● REQUIRED ACTION
Using only the entries below, copy exactly the lines that begin at the one with "Trooping the Colour" and end at the one with "The different routes", both included. Drop the pictures.
(Beginning of EXERCISE DATA)
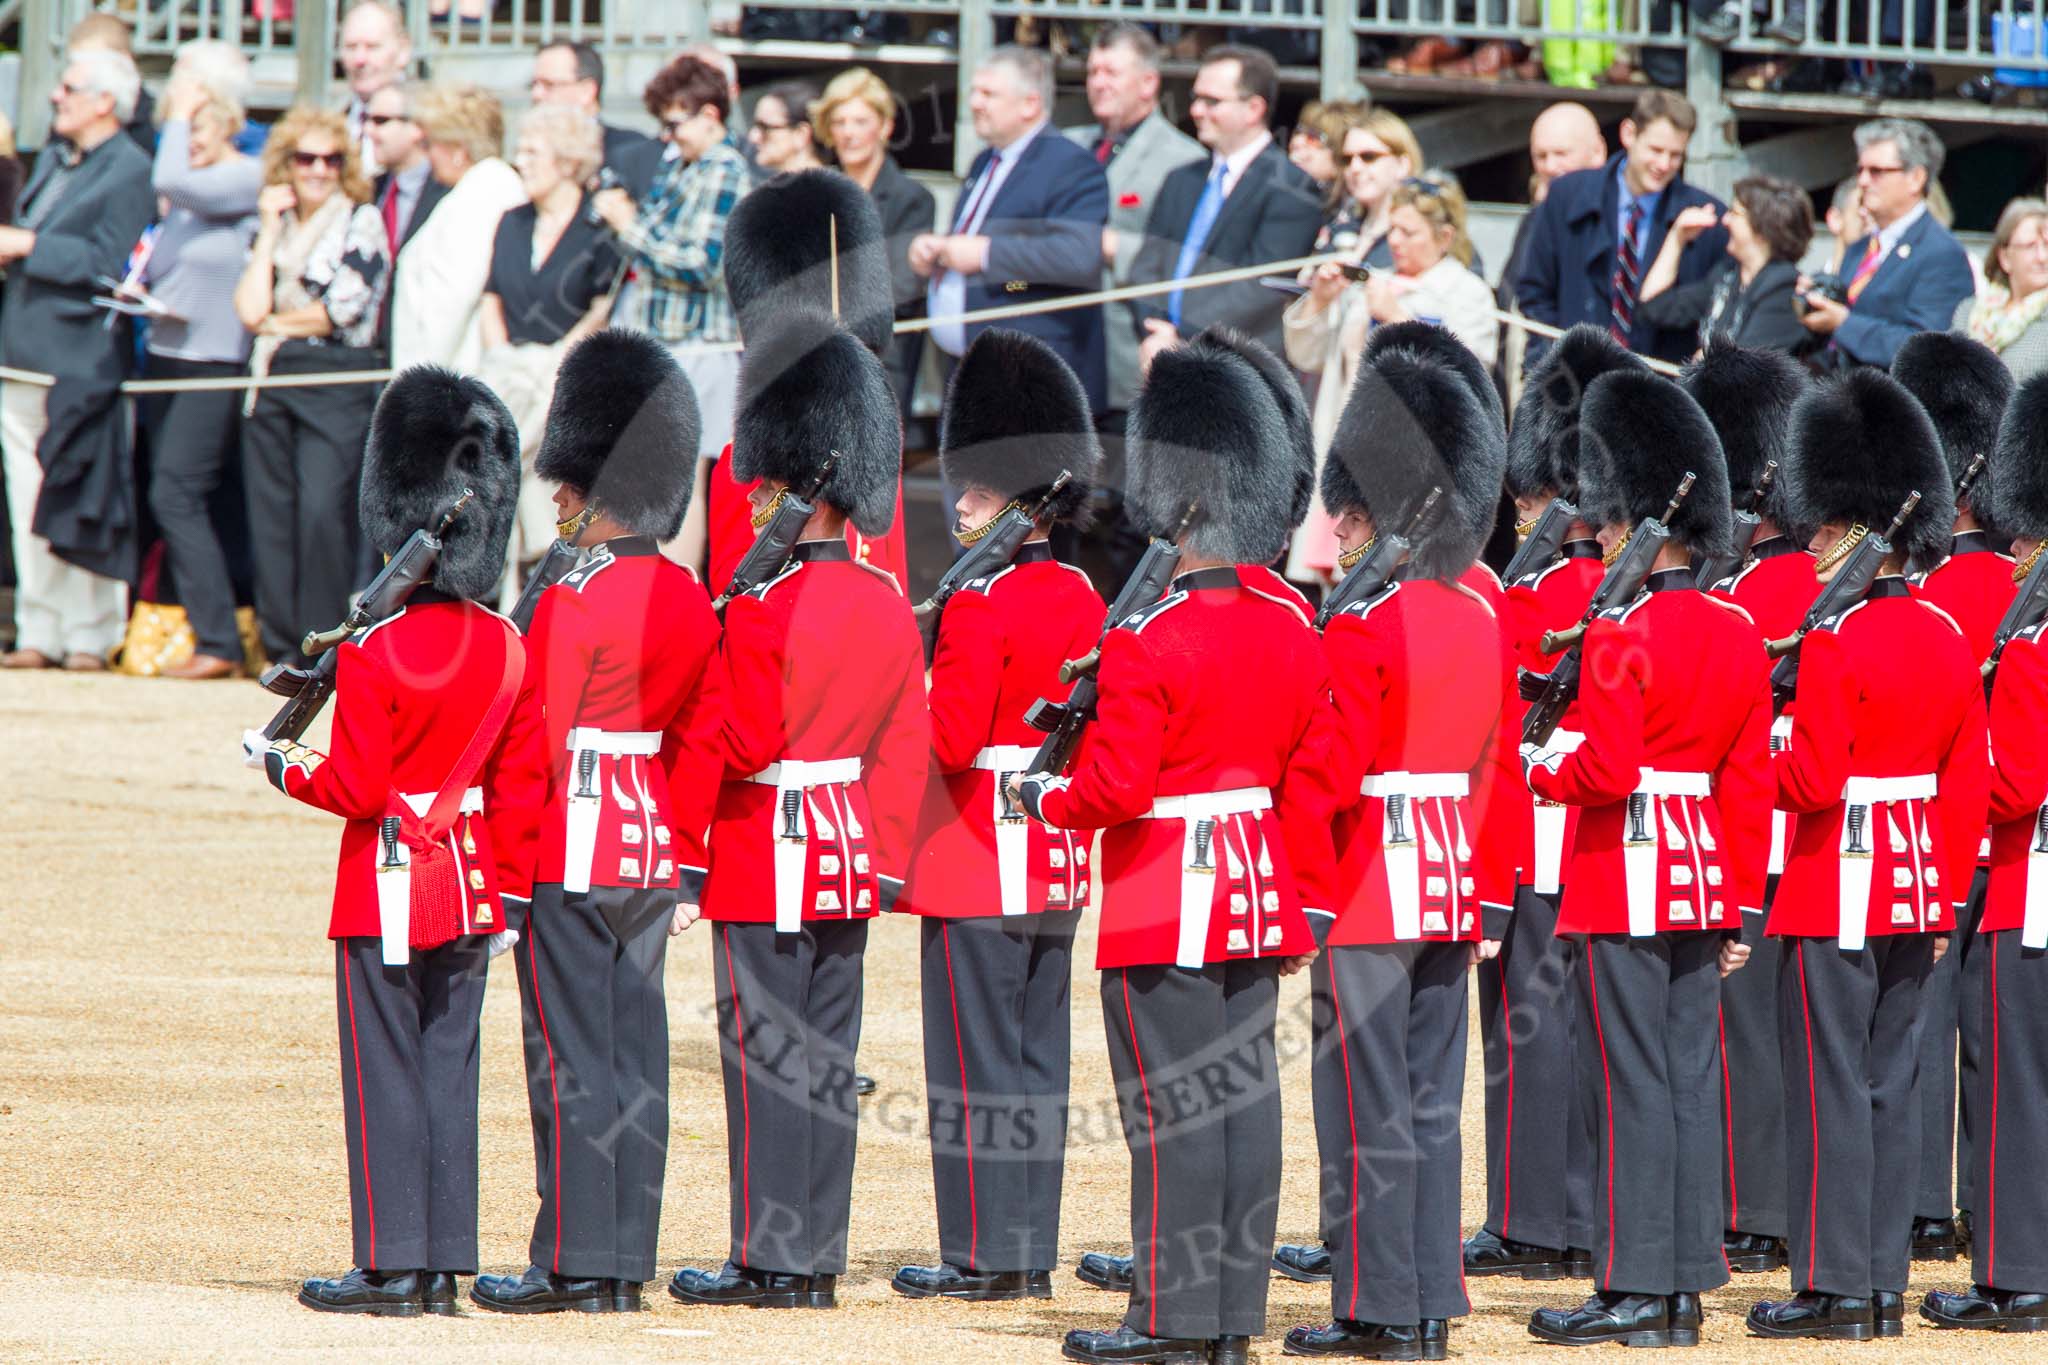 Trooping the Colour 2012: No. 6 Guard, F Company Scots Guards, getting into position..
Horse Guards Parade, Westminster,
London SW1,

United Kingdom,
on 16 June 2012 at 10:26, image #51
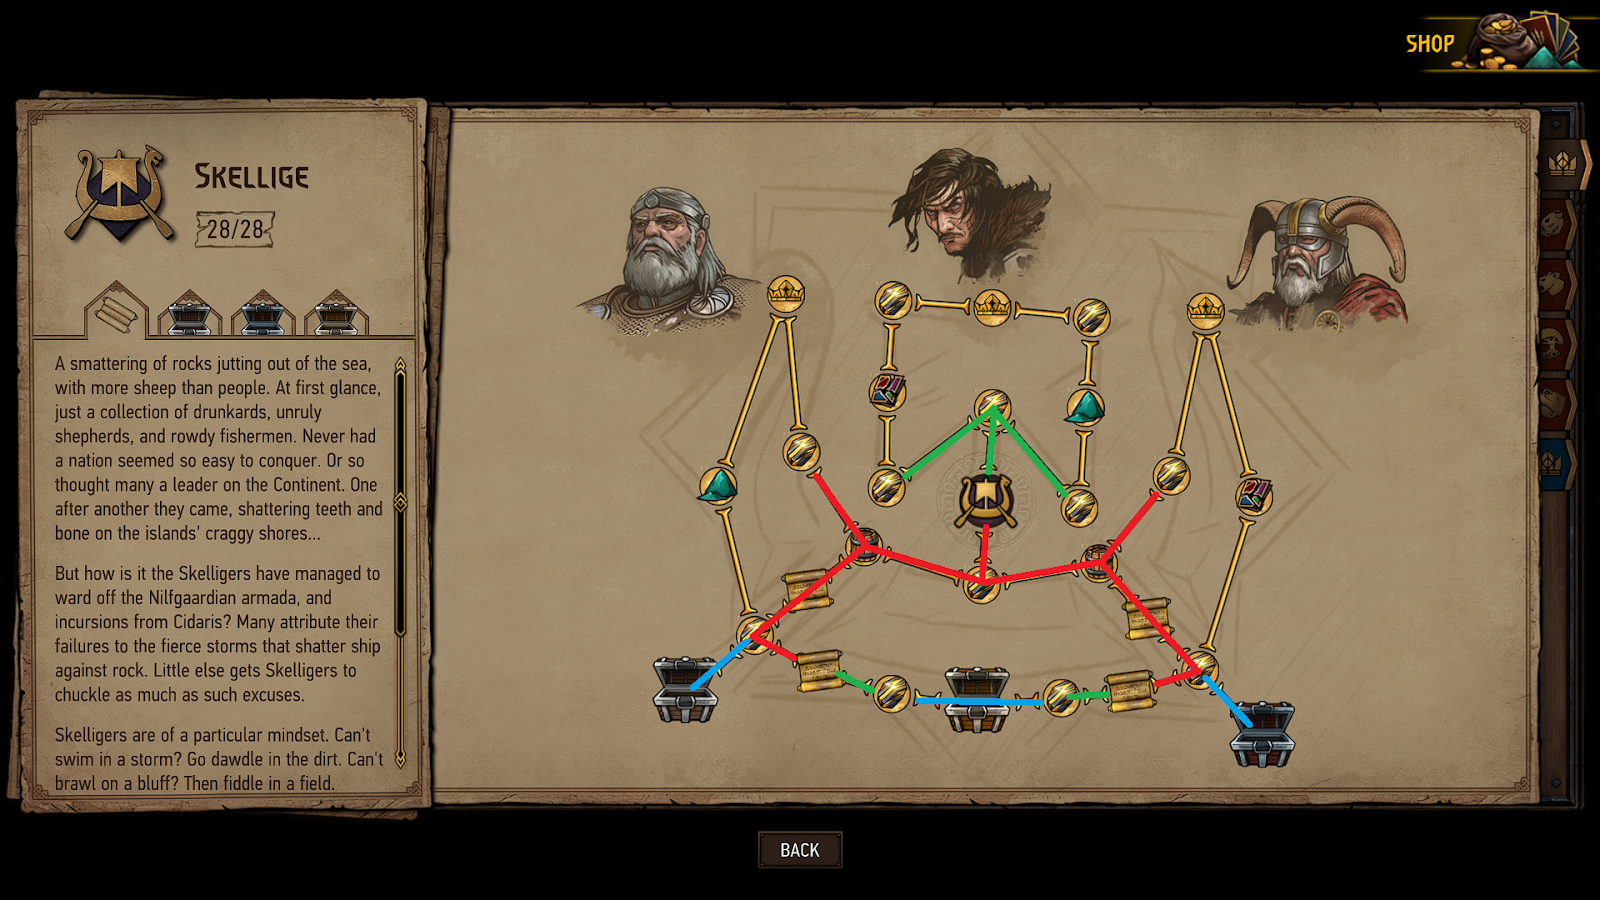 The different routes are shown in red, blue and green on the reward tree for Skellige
(End of EXERCISE DATA)
(Beginning of EXERCISE DATA)
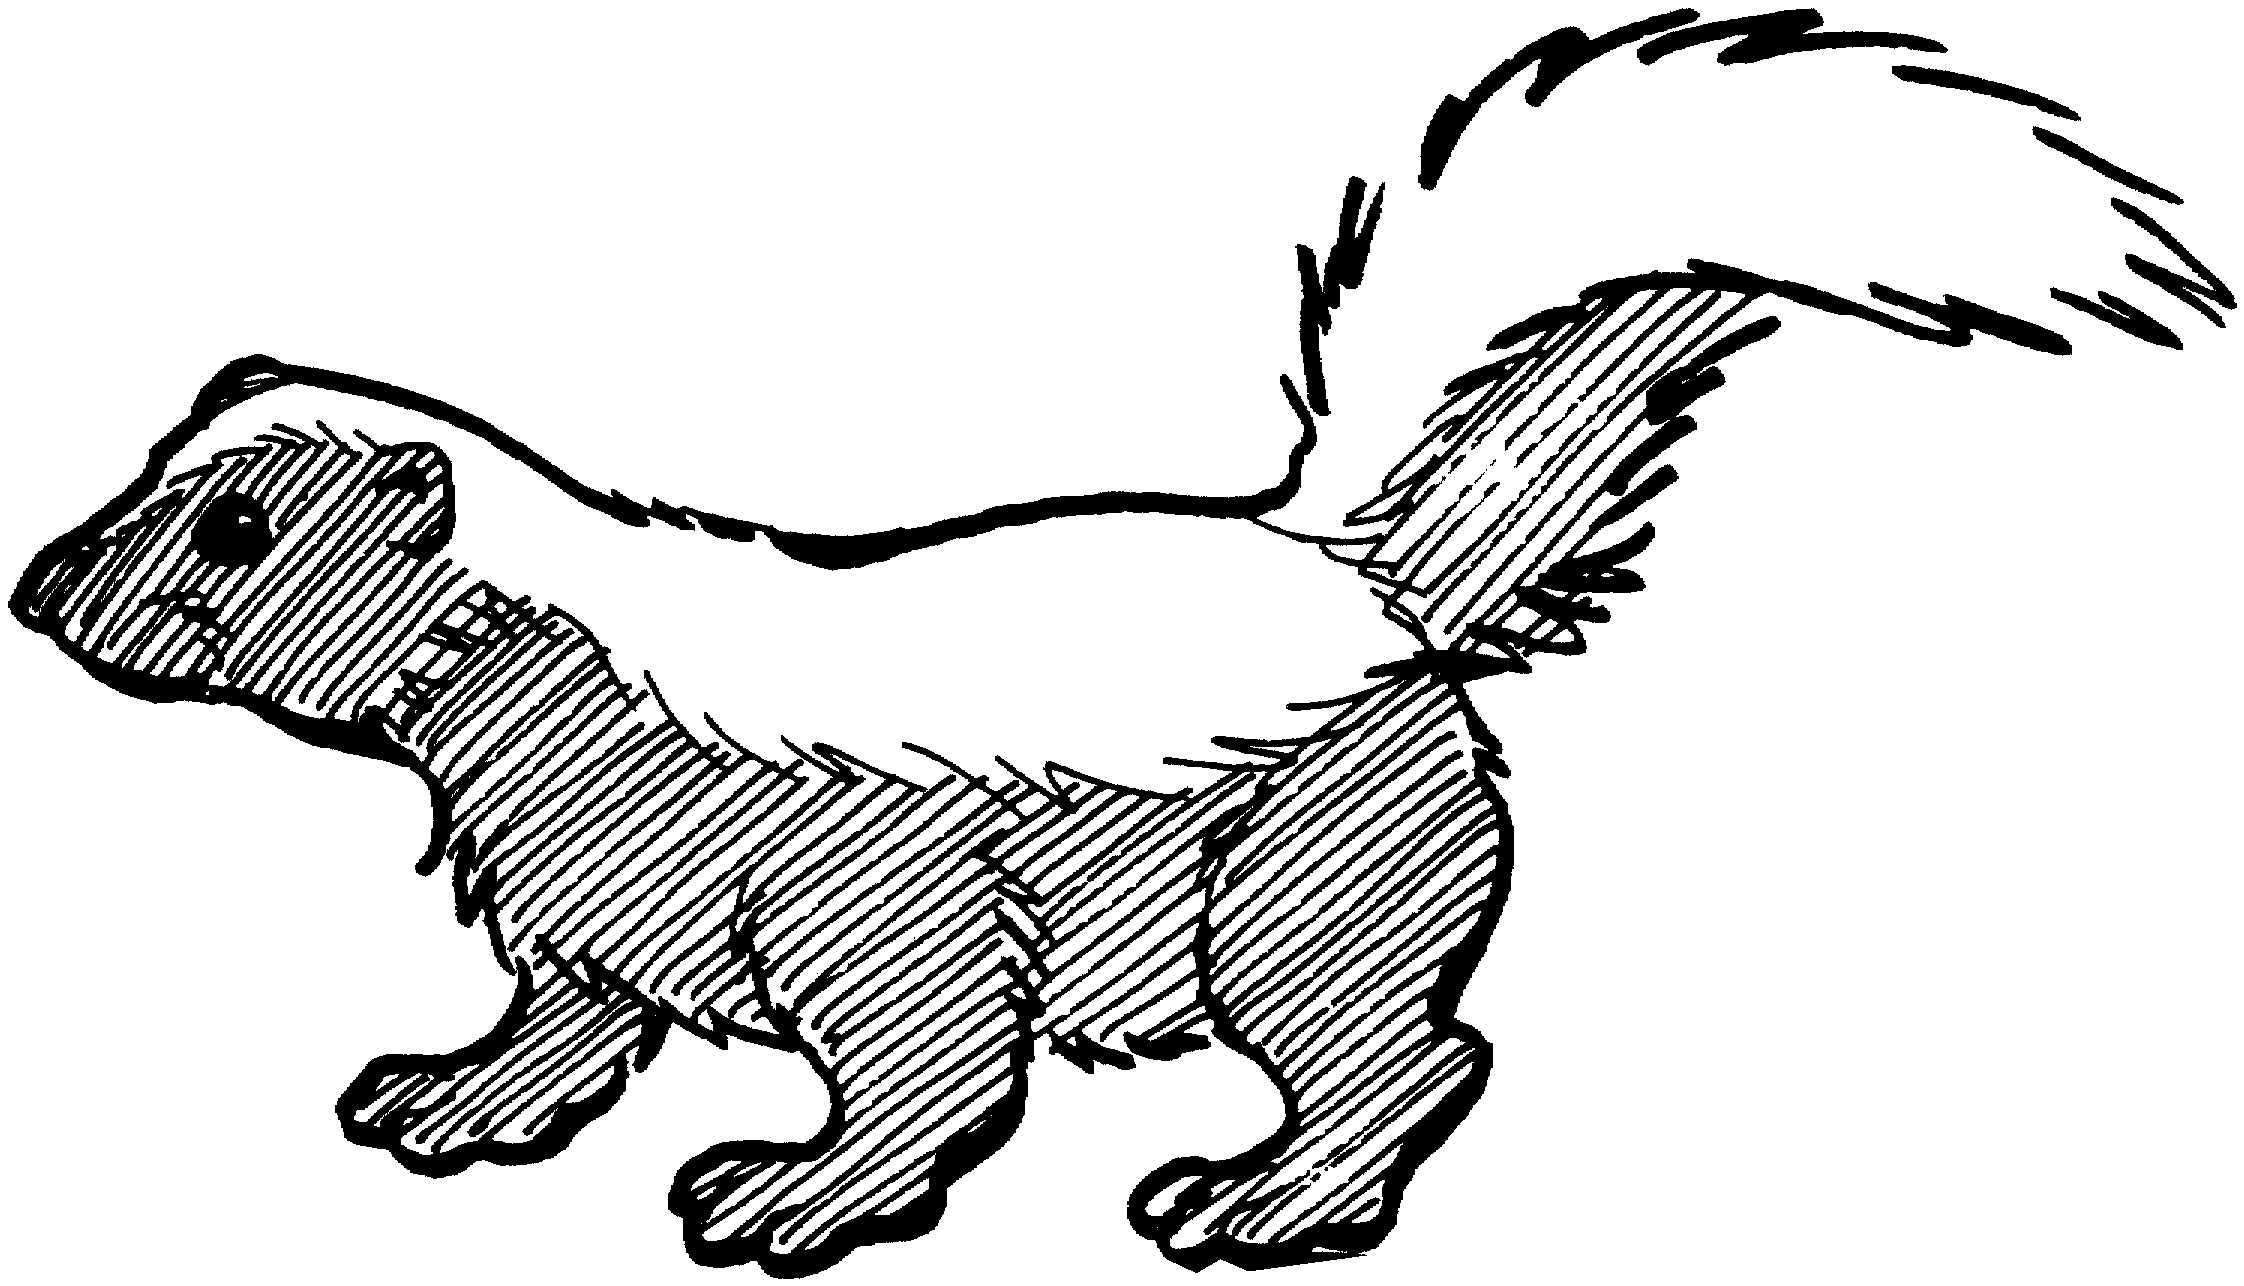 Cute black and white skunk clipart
(End of EXERCISE DATA)
● WRITTEN ANSWER
 Trooping the Colour 2012: No. 6 Guard, F Company Scots Guards, getting into position..
Horse Guards Parade, Westminster,
London SW1,

United Kingdom,
on 16 June 2012 at 10:26, image #51
 The different routes are shown in red, blue and green on the reward tree for Skellige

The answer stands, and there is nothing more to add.